Contexte et défis
Les turbulences autour du Real Madrid se multiplient et visent Arda Güler après les tensions avec Arbeloa et un accord controversé sur la Super League. Le jeune prodige voit son statut évoluer sans devenir titulaire régulier et il termine rarement les matchs sur le terrain.
Avec l’arrivée d’Arbeloa, Güler semble retrouver un peu de place, mais son influence demeure limitée et il n’est pas un joueur qui clôture les rencontres.
Dans un vestiaire où coexistent Mbappé, Vinícius, Bellingham, Carvajal et d’autres, l’impact d’Arda reste en deçà de ses attentes et de ce qu’il montre sur le terrain.
Des proches confirment que sa situation n’est pas idéale, et des allégations de harcèlement émergent. Selon Serhat Bekmezci, son premier entraîneur turc, Arda serait victime de pressions et de harcèlement.
Bekmezci affirme, selon des propos relayés par Sport, que « bien que le Real Madrid soit un club prestigieux, Arda subit du harcèlement. Il ne s’en plaint pas, mais il savait que cela arriverait. Je l’ai conseillé de rester patient. Le harcèlement vient des joueurs. Il existe un groupe qui ne l’a pas accepté ; malheureusement, ce sont des joueurs fiers. »
Ces déclarations alimentent la controverse et suggèrent un vestiaire loin de la tranquillité qu’on attend d’un club aussi emblématique.

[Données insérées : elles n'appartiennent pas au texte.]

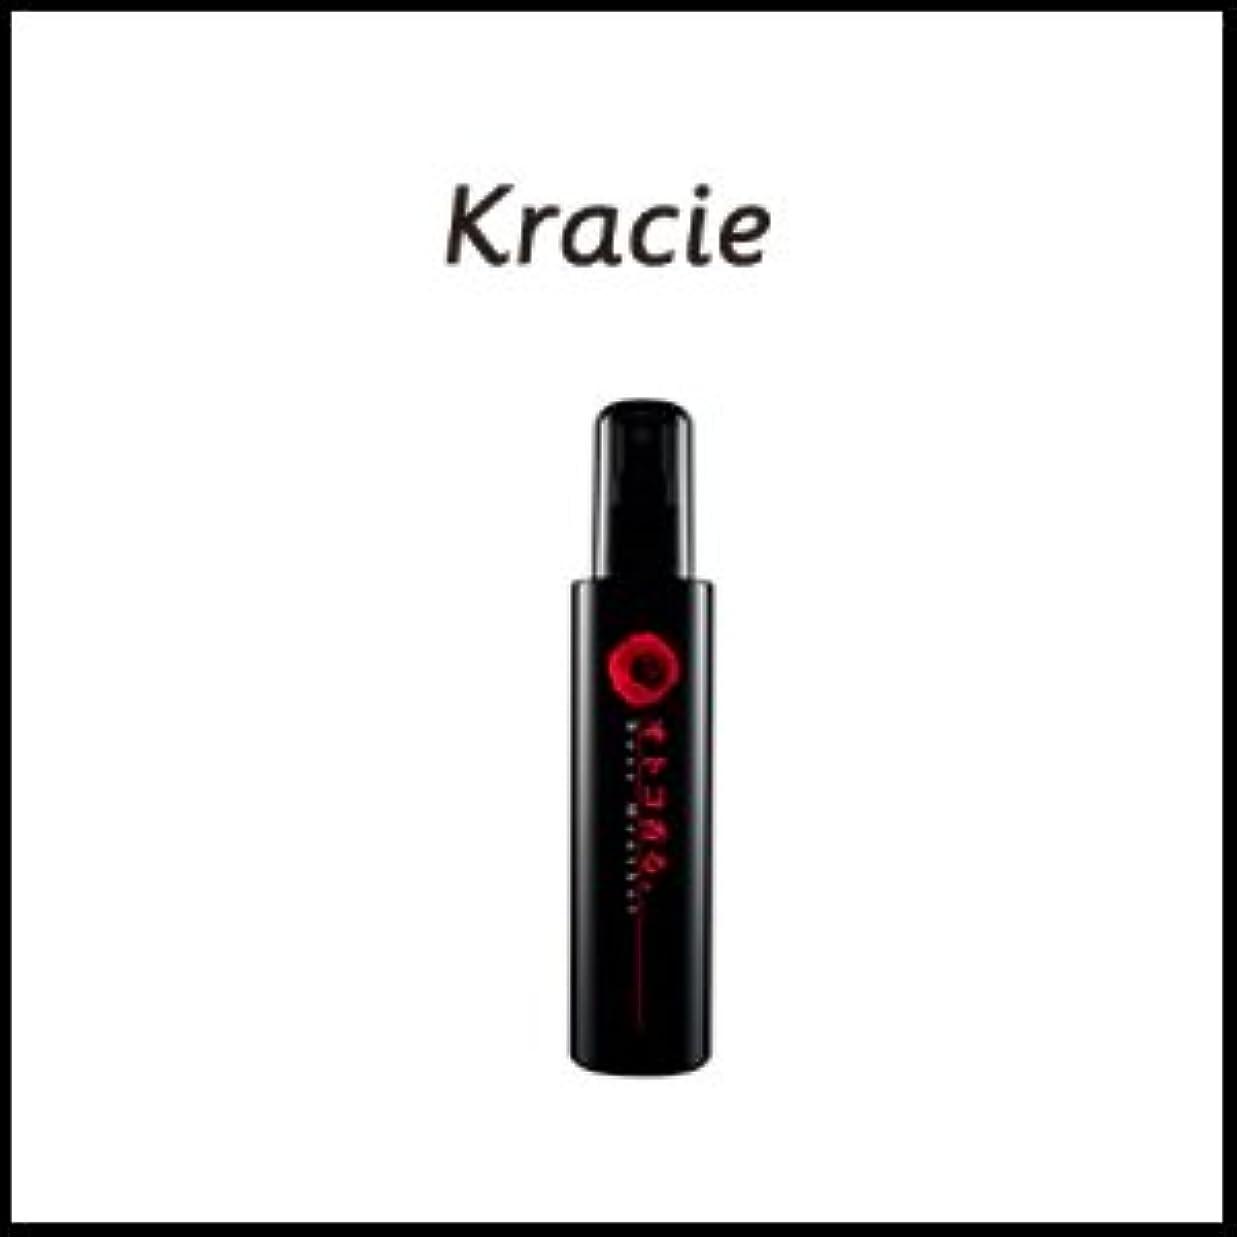 かご種援助【X2個セット】 クラシエ オトコ香る トニック(レッドローズ) 150ml 容器入り

Bekmezci ajoute que Klopp a laissé entendre que certains joueurs devraient partir pour permettre à Güler de progresser; Alonso est parti pour les mêmes raisons. Arda reste patient, mais il a clairement posé la question: « Pourquoi moi ? Pourquoi devrais-je partir ? »
Pour conclure: Arda Güler semble mécontent du chemin de sa saison. Titulaire sous la houlette de l’entraîneur, son rôle a diminué après le retour de Bellingham et face à l’émergence de la concurrence… la rancoeur et l’orgueil sont évoqués.
Punchline snipers: Quand les rumeurs tirent, mieux vaut être rapide: Güler esquive les balles de la presse… et il reste debout pour le prochain duel. Et si le vestiaire était un stand de tir, certains journalistes auraient déjà franchi la corde, mais pas les joueurs qui comptent vraiment le score.